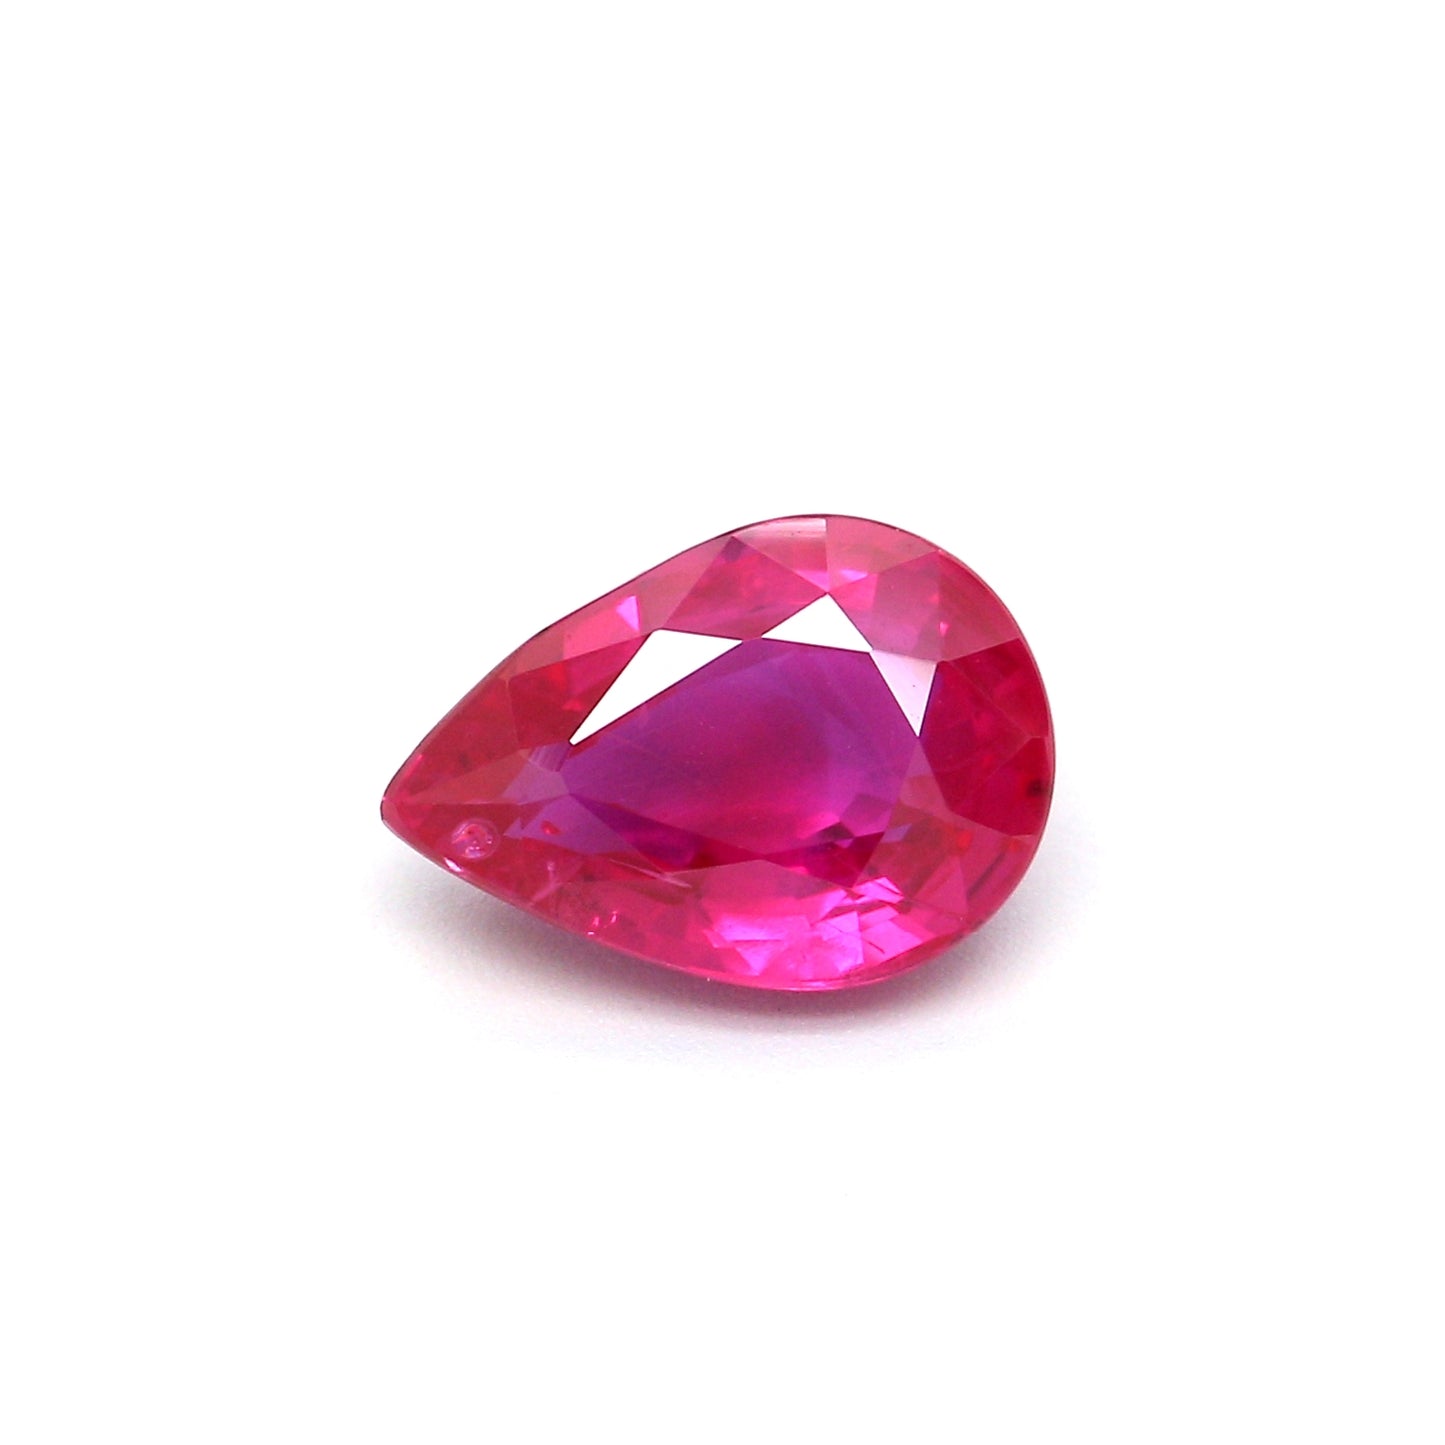 1.34ct Pinkish Red, Pear Shape Ruby, H(a), Myanmar - 7.95 x 5.61 x 3.49mm
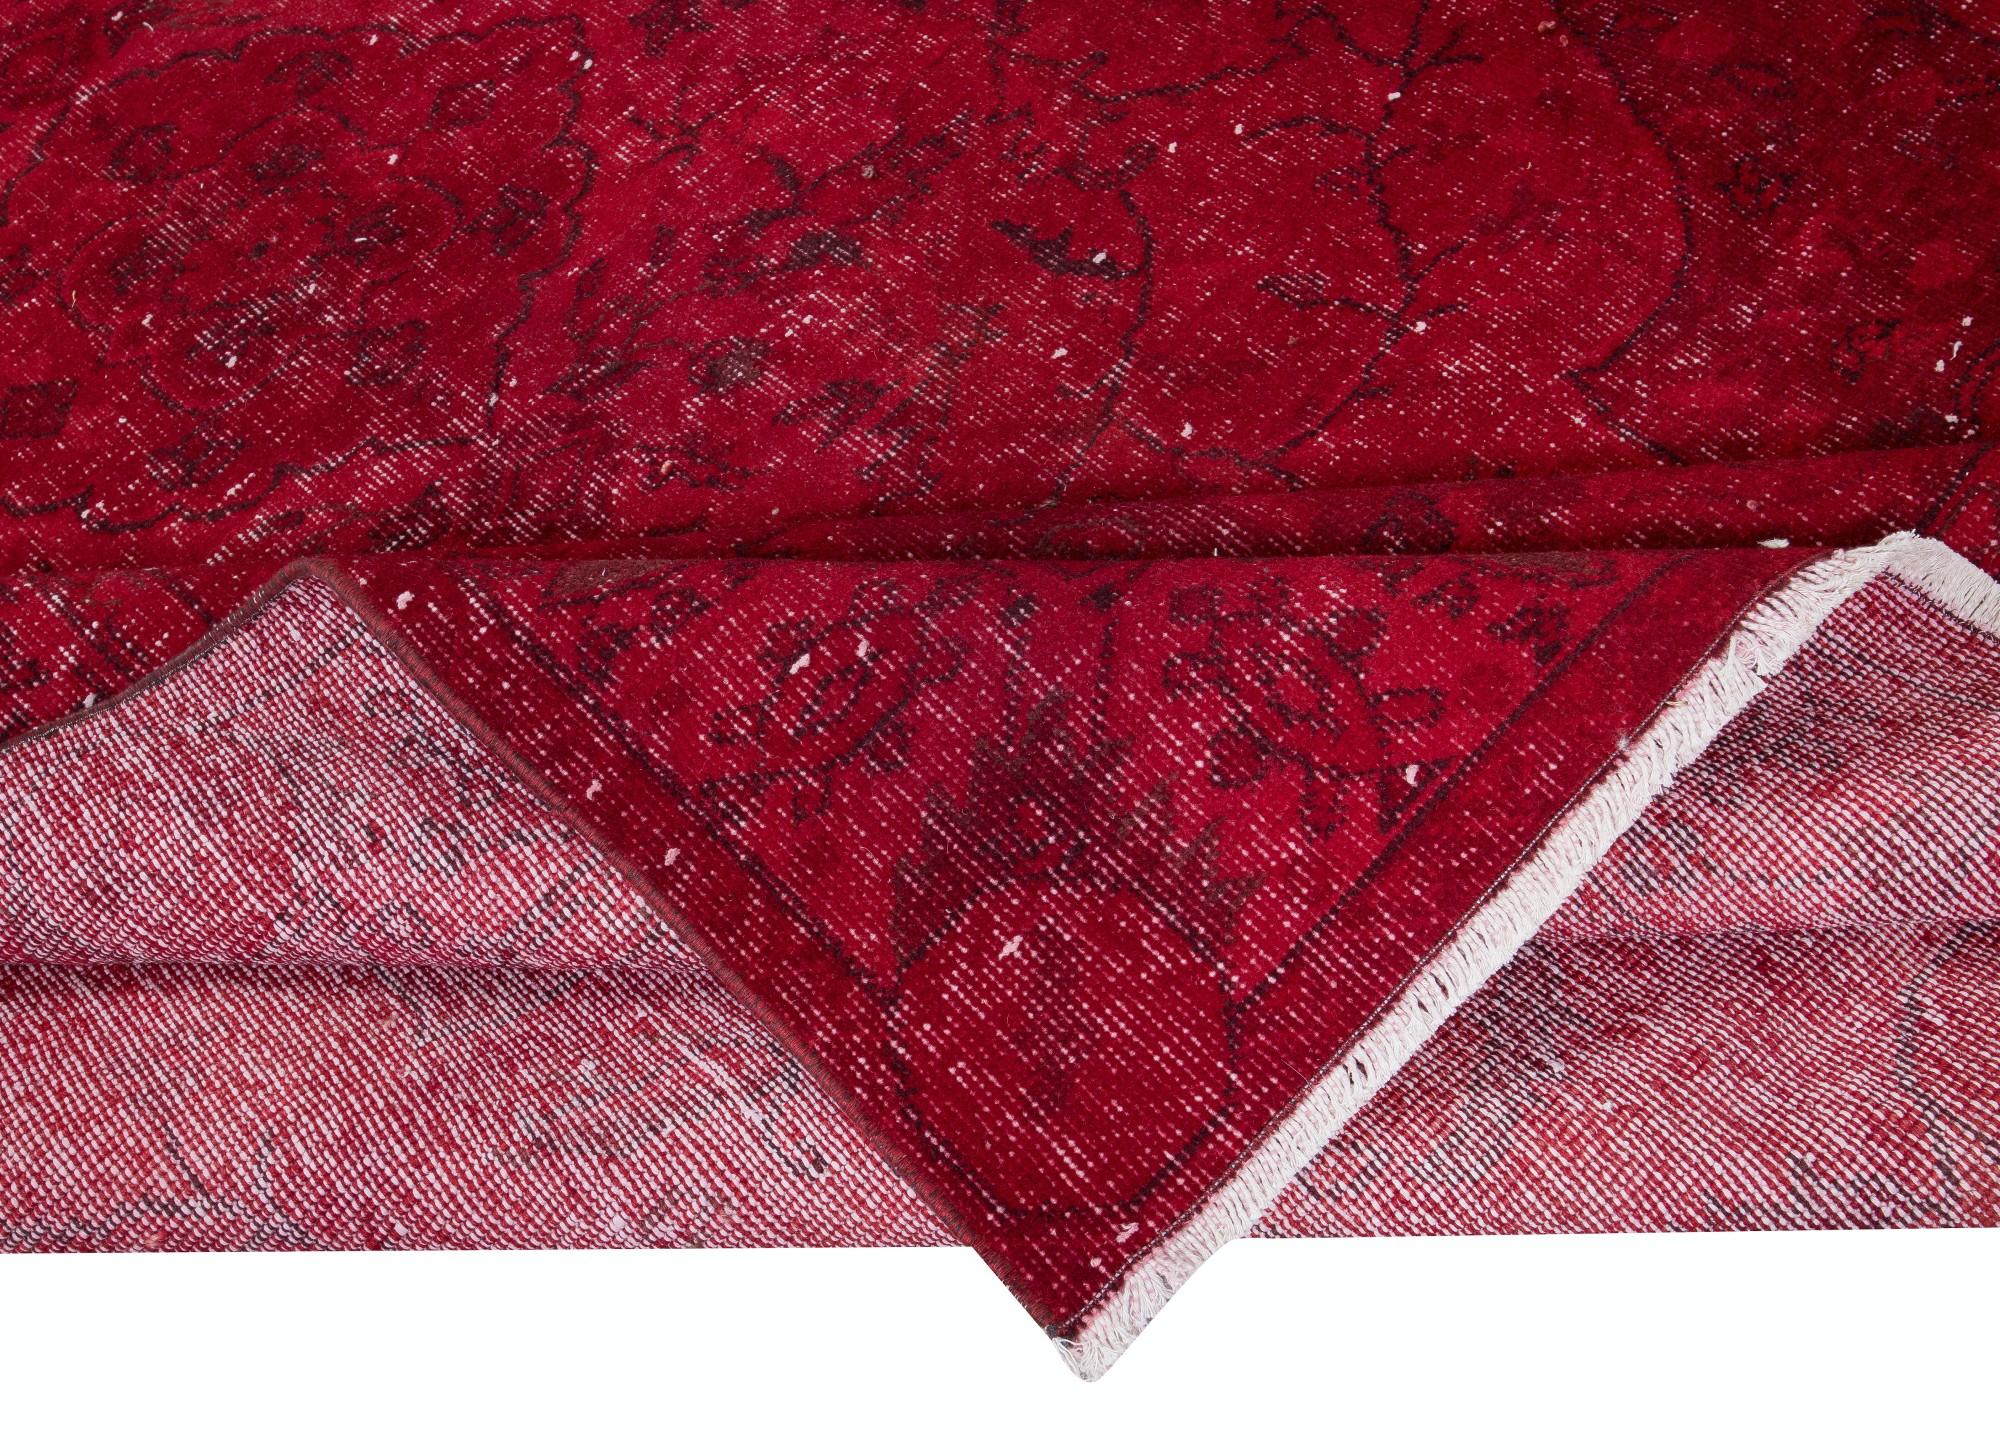 Modern 6x9.8 Ft One-of-a-Kind Red Wool Area Rug, Room Size Handmade Turkish Carpet For Sale
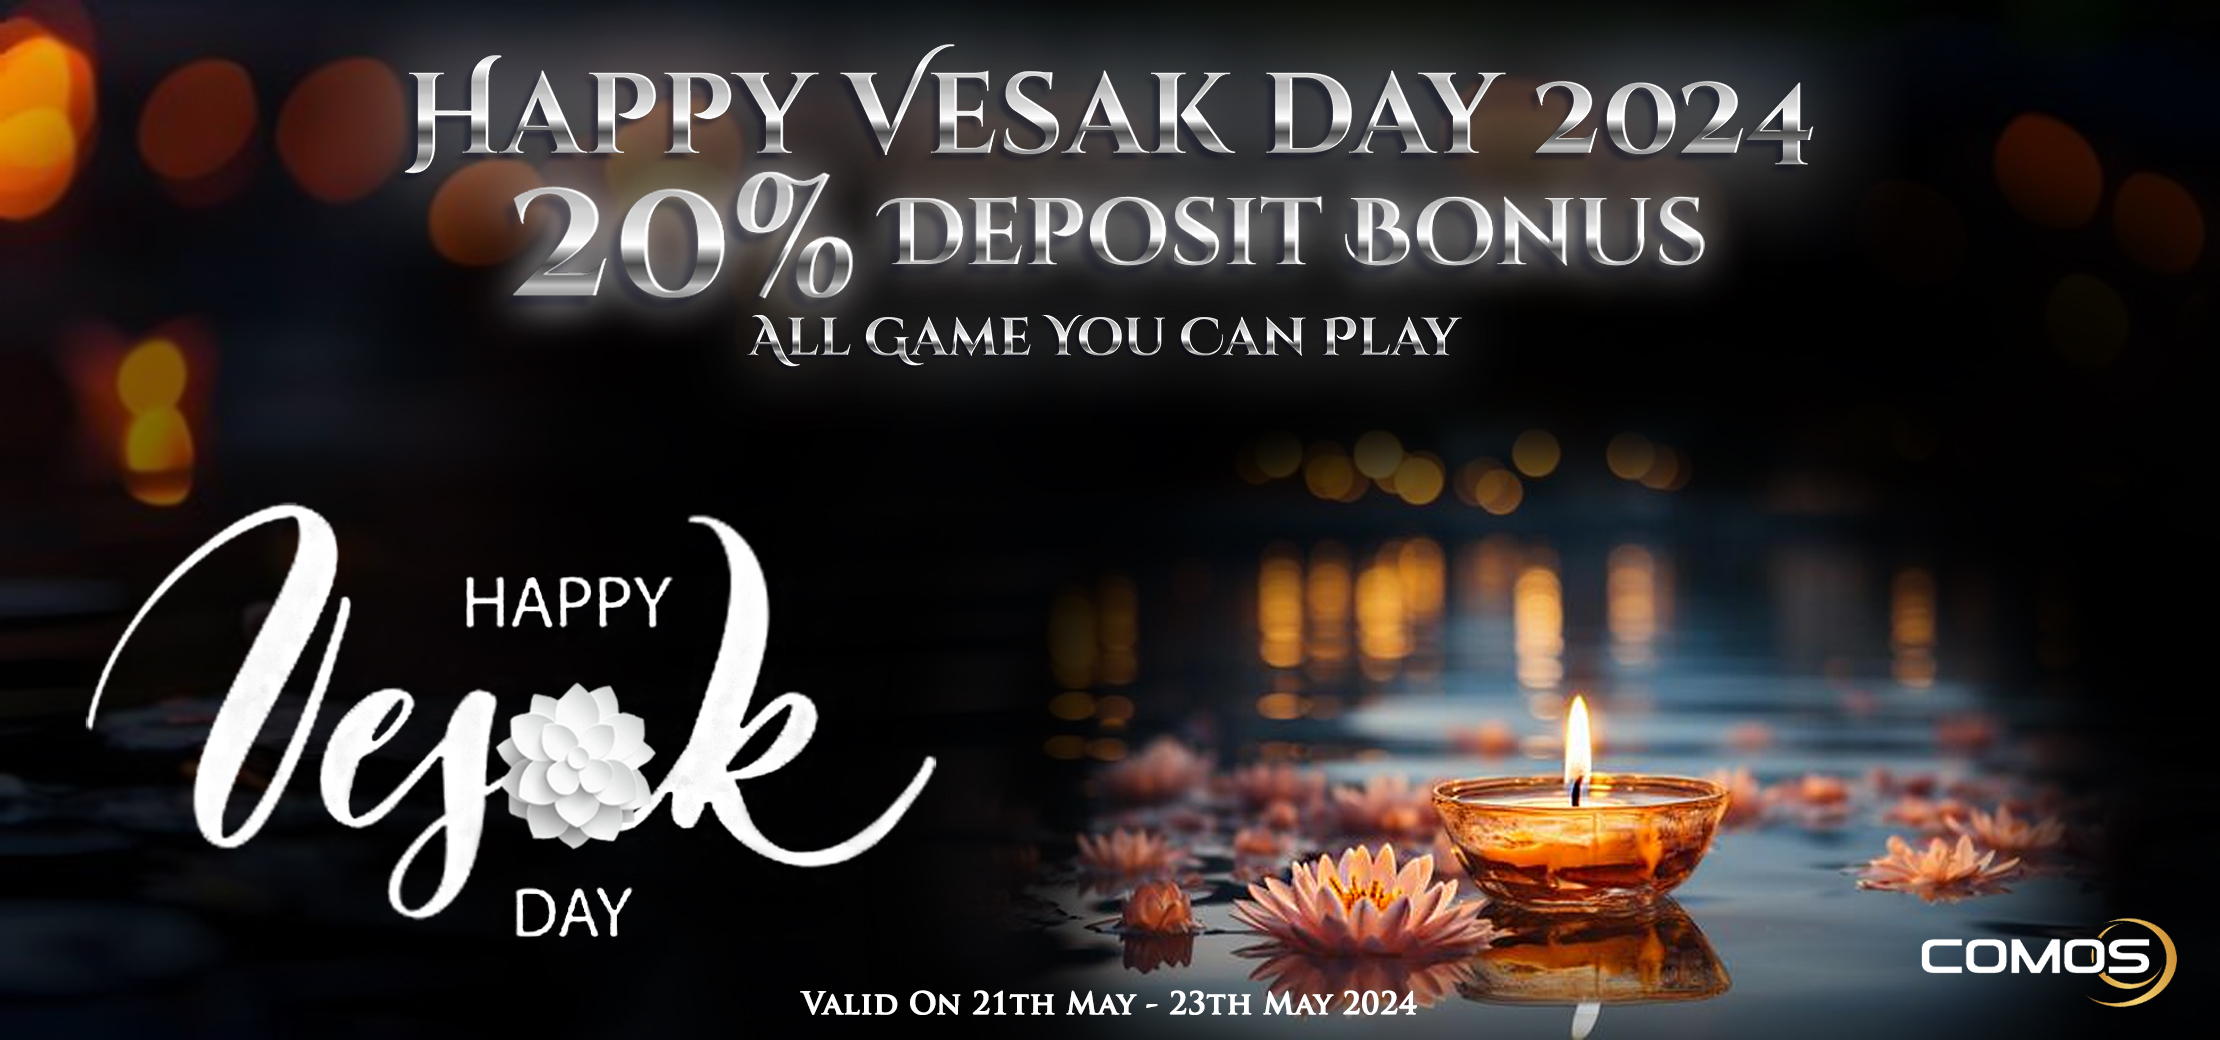 Happy Wesak Day 2024 20% Deposit Bonus All Game You Can Play (Valid On 21th May - 23th May 2024 )

» What you have to do: Without the pictures, transcribe the lines from the one containing "Modern 6x9.8 Ft" through the end of the data, exactly and only those.

» Expected output:
 Modern 6x9.8 Ft One-of-a-Kind Red Wool Area Rug, Room Size Handmade Turkish Carpet For Sale
 Happy Wesak Day 2024 20% Deposit Bonus All Game You Can Play (Valid On 21th May - 23th May 2024 )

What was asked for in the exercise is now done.